Umdenken für Führungskräfte erforderlich


Viele Führungskräfte verspüren Druck, weil sie ratlos sind. Die richtigen Instrumente fehlen ihnen und da merke ich: Am einfachsten geht es, Veränderungsprozesse zu begleiten mit Führungskräften, die sich klar sind, dass Führungskompetenz nicht vom Himmel fällt und dass sie davon lebt, dass man sich immer wieder neu auseinandersetzt mit der Frage „Was tue ich hier?“, dass man neue Methoden lernt und offen dafür ist, sich auch in anderen Feldern Inputs holen. Ich erlebe es so, dass ein Teil dieses Drucks selbst gemacht ist, da Führungskräfte manchmal die Idee haben, sie müssen immer Antworten liefern oder die Probleme lösen.


So kommen starre Organisationen in Bewegung


Simon: Hast du noch weitere Tipps aus der Praxis, wie man eine relativ starre Organisation in Bewegung bringen kann? Was sind die ersten Dinge, die du tust oder fragst?


Bärbel: Bewegung entsteht vor allem durch sinnstiftende Ziele oder Zielbilder - und Purpose. Das heißt: Wofür gibt es uns eigentlich oder wofür ist dieses Projekt oder dieser Workshop gut? Oder anders gefragt: Was würde fehlen, wenn es uns nicht gäbe? Das ist also meine erste Frage und auch letztendlich eine Methode, die ich jedem sehr empfehlen kann, um aus einer scheinbar aussichtslosen Situation oder Konstellation hinauszukommen. Meistens entsteht Bewegung auch, wenn man fragt: Wenn Sie den Job so tun könnten, wie Sie ihn gerne tun würden – woran würden Sie und andere das erkennen? So entstehen wirksame Zielbilder.

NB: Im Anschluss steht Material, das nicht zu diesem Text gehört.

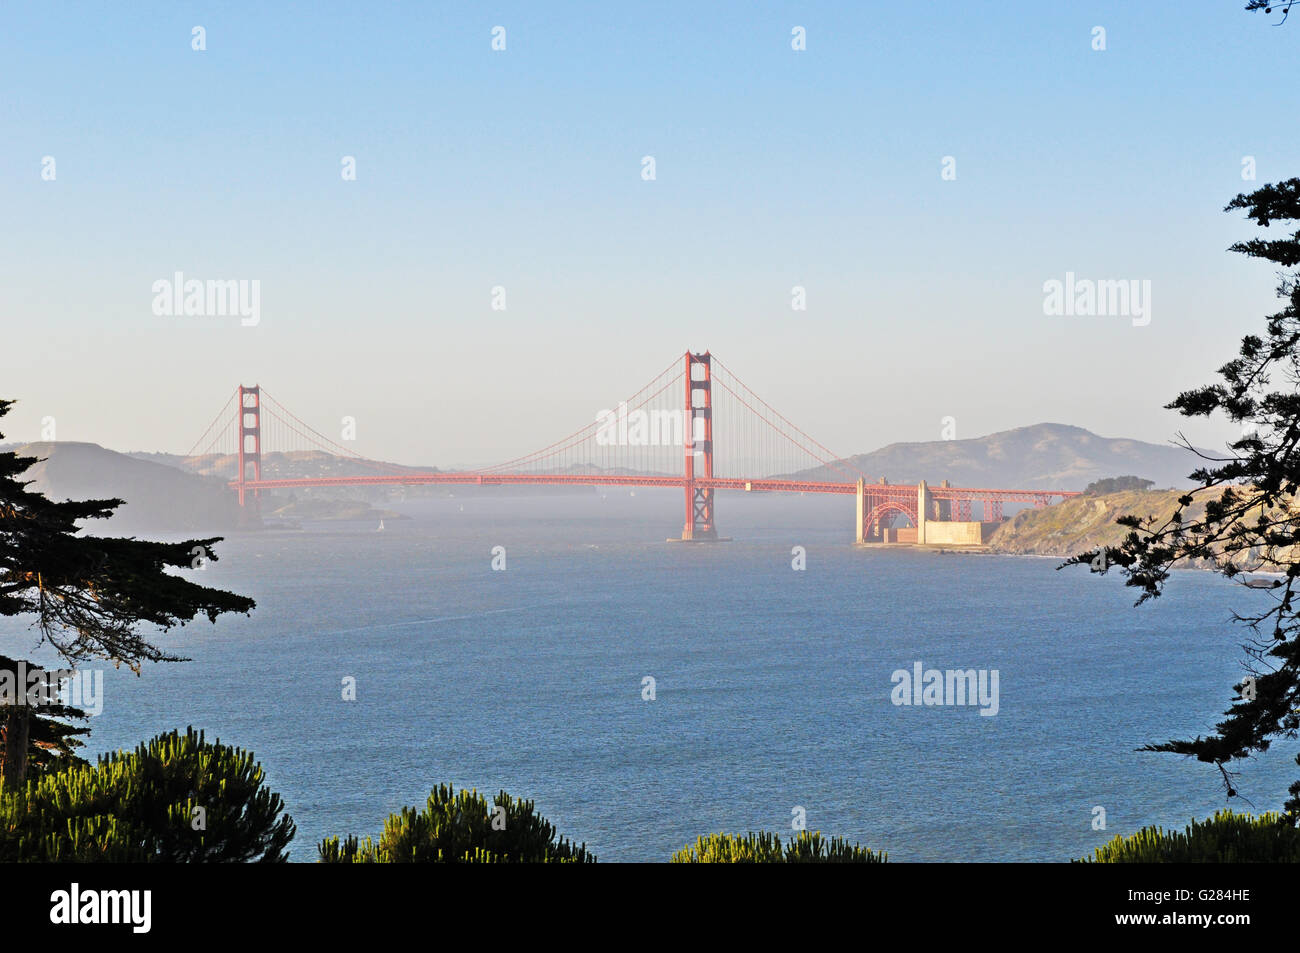 San Francisco: panoramic view of Golden Gate Bridge, opened in 1936, the symbol of the city of San Francisco in the world Stock Photo

Über dieses Arbeiten am Zielbild kommen wir dann zum Dreiklang: Was funktioniert heute schon? Wo läuft es bereits in die richtige Richtung? Was braucht es darüber hinaus? Und dann: Was ist der nächste kleine Schritt? Dieses Vorangehen in kleinen Schritten ist die wichtigste Arbeit im Change und natürlich außerdem, dass die kleinen Schritte wirklich klein genug sein müssen. Das ist oft eine weitere Frage von mir: Sind die kleinen Schritte wirklich klein genug? Wie groß ist die Wahrscheinlichkeit, dass Sie diese Schritte gehen werden? Wie groß ist Ihre Zuversicht, dass Sie genau das tun werden auf der Skala von eins bis zehn? So kommen wir in einen Veränderungs-Dialog, und die Dinge kommen ins Laufen.


Simon: Vielen Dank für den wertvollen Input, Bärbel!